Section 20. Disaster Preparedness. (1) All staff shall be knowledgeable of a written plan and procedure for meeting potential disasters and emergencies such as fires or severe weather. The plan shall be posted. Staff shall be trained in properly reporting a fire, extinguishing a small fire, and in evacuation from the building. Fire drills shall be practiced in accordance with state fire administrative regulations.
(2) All fire protection and alarm systems and other fire fighting equipment shall be inspected and tested at least once each year, and more often if necessary to maintain them in serviceable condition.
Section 21. Facility Specifications. (1) An abortion facility shall provide a functionally safe and sanitary environment for patients, personnel, and the public.
(2) An abortion facility shall include space for the following functions:
(a) Reception and waiting;
(b) Administrative activities such as patient admission, record storage, and business affairs;
(c) Patient dressing and storage of personal items;
(d) Preoperative evaluation, including physical examination, laboratory testing, and preparation for anesthesia;
(e) Performance of surgical procedures;
(f) Preparation and sterilization of instruments;
(g) Storage of equipment, drugs, and fluids;
(h) Postanesthetic recovery; and
(i) Janitorial and utility support.
Section 22. Injunctive Relief. The Office of Inspector General shall refer instances where administrative penalties and legal sanctions have failed to prevent or cause a discontinuance of a violation of KRS Chapter 216B to the secretary of the cabinet for action in accordance with KRS 15.241.
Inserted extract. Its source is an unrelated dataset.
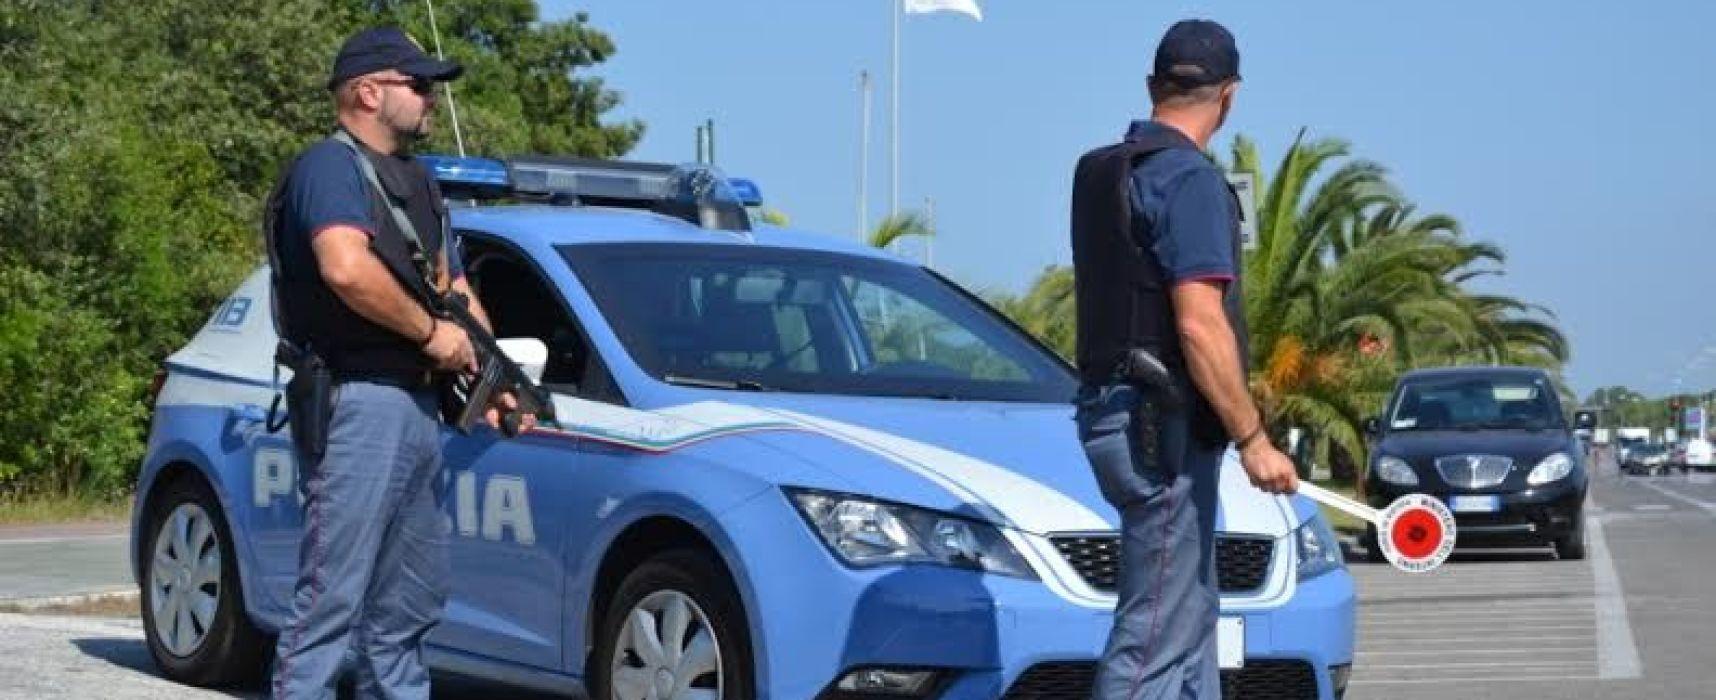 Sfruttamento di rumene e dell'immigrazione, spaccio, rapine: 5 arresti in Versilia

Section 23. Incorporation by Reference. (1) The Application for License to Operate an Abortion Facility, L&R 240 (7/98), is incorporated by reference.
(2) This material may be inspected, copied or obtained at the Office of Inspector General, Division of Licensing and Regulation, 275 East Main Street, Frankfort, Kentucky 40621, Monday through Friday, 8 a.m. to 4:30 p.m. (25 Ky.R. 1293; Am. 2168; 2388; eff. 3-17-99.)